At present, there is a tool Seatunnel in the open source community, the project address https://github.com/apache/incubator-seatunnel, can quickly Data in HDFS is imported into ClickHouse.

HDFS To ClickHouse

Assuming that our logs are stored in HDFS, we need to parse the logs and filter out the fields we care about, and write the corresponding fields into the ClickHouse table.

Log Sample

The log format we store in HDFS is as follows, which is a very common Nginx log

10.41.1.28 github.com 114.250.140.241 0.001s "127.0.0.1:80" [26/Oct/2018:03:09:32 +0800] "GET /Apache/Seatunnel HTTP/1.1" 200 0 "-" - "Dalvik/2.1.0 (Linux; U; Android 7.1.1; OPPO R11 Build/NMF26X)" "196" "-" "mainpage" "443" "-" "172.16.181.129"

ClickHouse Schema

Our ClickHouse table creation statement is as follows, our table is partitioned by day

CREATE TABLE cms.cms_msg
(
    date Date, 
    datetime DateTime, 
    url String, 
    request_time Float32, 
    status String, 
    hostname String, 
    domain String, 
    remote_addr String, 
    data_size Int32, 
    pool String
) ENGINE = MergeTree PARTITION BY date ORDER BY date SETTINGS index_granularity = 16384

Seatunnel with ClickHouse

Next, I will introduce to you in detail how we can meet the above requirements through Seatunnel and write the data in HDFS into ClickHouse.

Seatunnel

Seatunnel is a very easy-to-use, high-performance, real-time data processing product that can deal with massive data. It is built on Spark. Seatunnel has a very rich set of plugins that support reading data from Kafka, HDFS, Kudu, performing various data processing, and writing the results to ClickHouse, Elasticsearch or Kafka.

Prerequisites

First we need to install Seatunnel, the installation is very simple, no need to configure system environment variables

Prepare the Spark environment
Install Seatunnel
Configure Seatunnel

The following are simple steps, the specific installation can refer to Quick Start

cd /usr/local

wget https://archive.apache.org/dist/spark/spark-2.2.0/spark-2.2.0-bin-hadoop2.7.tgz
tar -xvf https://archive.apache.org/dist/spark/spark-2.2.0/spark-2.2.0-bin-hadoop2.7.tgz

wget https://github.com/InterestingLab/seatunnel/releases/download/v1.1.1/seatunnel-1.1.1.zip

unzip seatunnel-1.1.1.zip

cd seatunnel-1.1.1
vim config/seatunnel-env.sh

# Specify the Spark installation path
SPARK_HOME=${SPARK_HOME:-/usr/local/spark-2.2.0-bin-hadoop2.7}

seatunnel Pipeline

We only need to write a configuration file of seatunnel Pipeline to complete the data import.

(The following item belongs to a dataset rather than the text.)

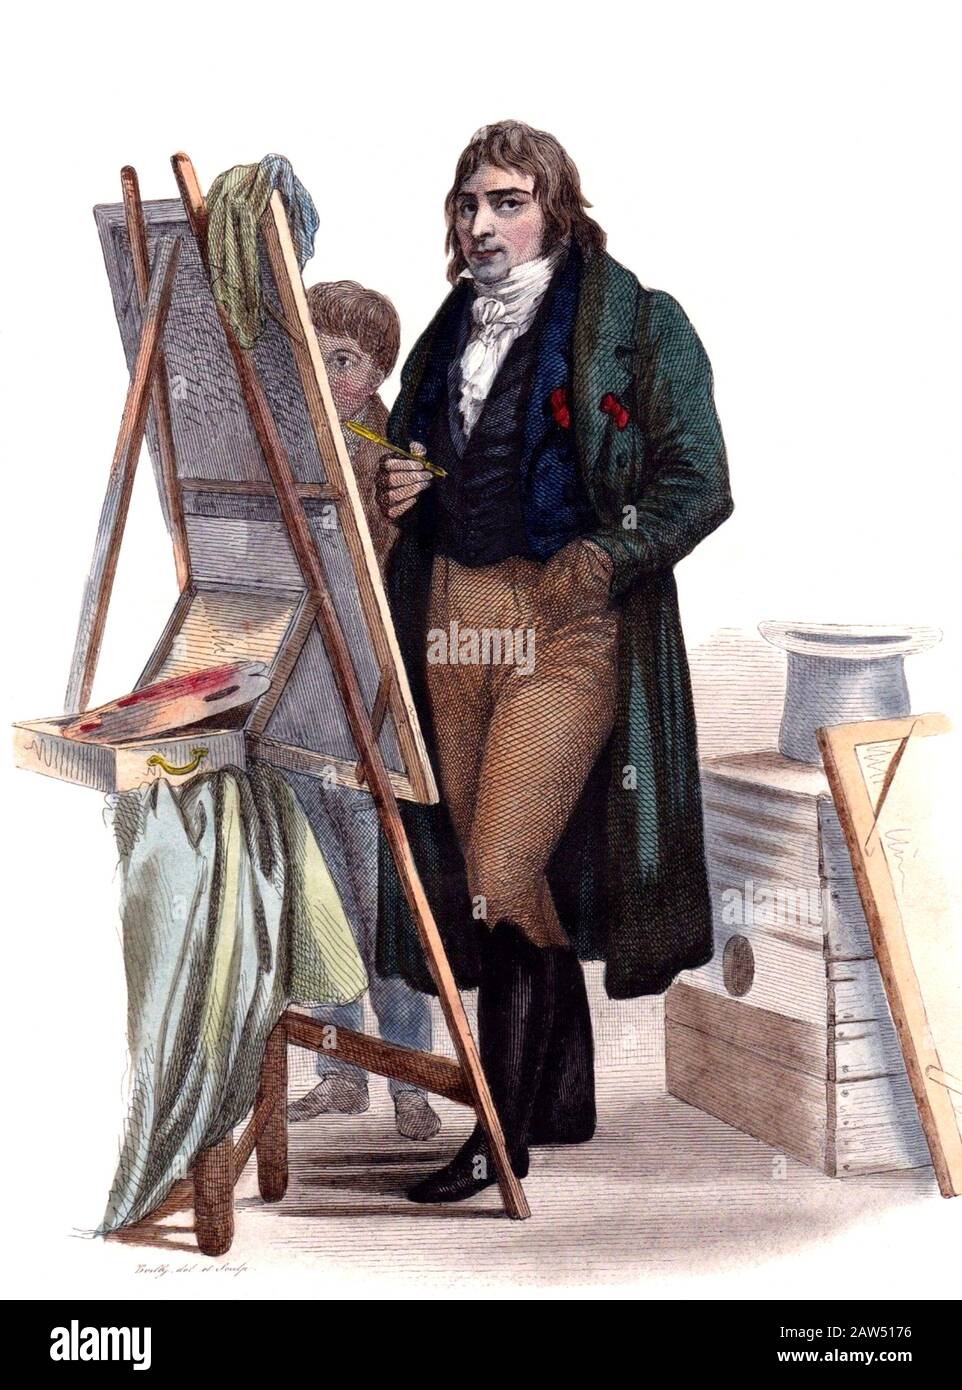 1810 ca , Paris , FRANCE : The french painter ANTOINE JEAN GROS baron GROS  ( 1771 – 1835 ). His work was in the genres of history and Neoclassical pai  Stock Photo - Alamy

The configuration file consists of four parts, Spark, Input, filter and Output.

Spark

This part is the related configuration of Spark, which mainly configures the size of the resources required for Spark to execute.

spark {
  spark.app.name = "seatunnel"
  spark.executor.instances = 2
  spark.executor.cores = 1
  spark.executor.memory = "1g"
}

Input

This part defines the data source. The following is a configuration example for reading data in text format from HDFS files.

input {
    hdfs {
        path = "hdfs://nomanode:8020/rowlog/accesslog"
        table_name = "access_log"
        format = "text"
    }
}

Filter

In the Filter section, here we configure a series of transformations, including regular parsing to split the log, time transformation to convert HTTPDATE to the date format supported by ClickHouse, type conversion to Number type fields, and field filtering through SQL, etc.

filter {
    # Parse raw logs using regular expressions
    grok {
        source_field = "raw_message"
        pattern = '%{IP:ha_ip}\\s%{NOTSPACE:domain}\\s%{IP:remote_addr}\\s%{NUMBER:request_time}s\\s\"%{DATA:upstream_ip}\"\\s\\[%{HTTPDATE:timestamp}\\]\\s\"%{NOTSPACE:method}\\s%{DATA:url}\\s%{NOTSPACE:http_ver}\"\\s%{NUMBER:status}\\s%{NUMBER:body_bytes_send}\\s%{DATA:referer}\\s%{NOTSPACE:cookie_info}\\s\"%{DATA:user_agent}\"\\s%{DATA:uid}\\s%{DATA:session_id}\\s\"%{DATA:pool}\"\\s\"%{DATA:tag2}\"\\s%{DATA:tag3}\\s%{DATA:tag4}'
    }

    # Convert data in "dd/MMM/yyyy:HH:mm:ss Z" format to
    # Data in "yyyy/MM/dd HH:mm:ss" format
    date {
        source_field = "timestamp"
        target_field = "datetime"
        source_time_format = "dd/MMM/yyyy:HH:mm:ss Z"
        target_time_format = "yyyy/MM/dd HH:mm:ss"
    }

    # Use SQL to filter the fields of interest and process the fields
    # You can even filter out data you don't care about by filter conditions
    sql {
        table_name = "access"
        sql = "select substring(date, 1, 10) as date, datetime, hostname, url, http_code, float(request_time), int(data_size), domain from access"
    }
}

Output

Finally, we write the processed structured data to ClickHouse

output {
    clickhouse {
        host = "your.clickhouse.host:8123"
        database = "seatunnel"
        table = "access_log"
        fields = ["date", "datetime", "hostname", "uri", "http_code", "request_time", "data_size", "domain"]
        username = "username"
        password = "password"
    }
}

Running seatunnel

We combine the above four-part configuration into our configuration file config/batch.conf.

vim config/batch.conf

spark {
  spark.app.name = "seatunnel"
  spark.executor.instances = 2
  spark.executor.cores = 1
  spark.executor.memory = "1g"
}

input {
    hdfs {
        path = "hdfs://nomanode:8020/rowlog/accesslog"
        table_name = "access_log"
        format = "text"
    }
}

filter {
    # Parse raw logs using regular expressions
    grok {
        source_field = "raw_message"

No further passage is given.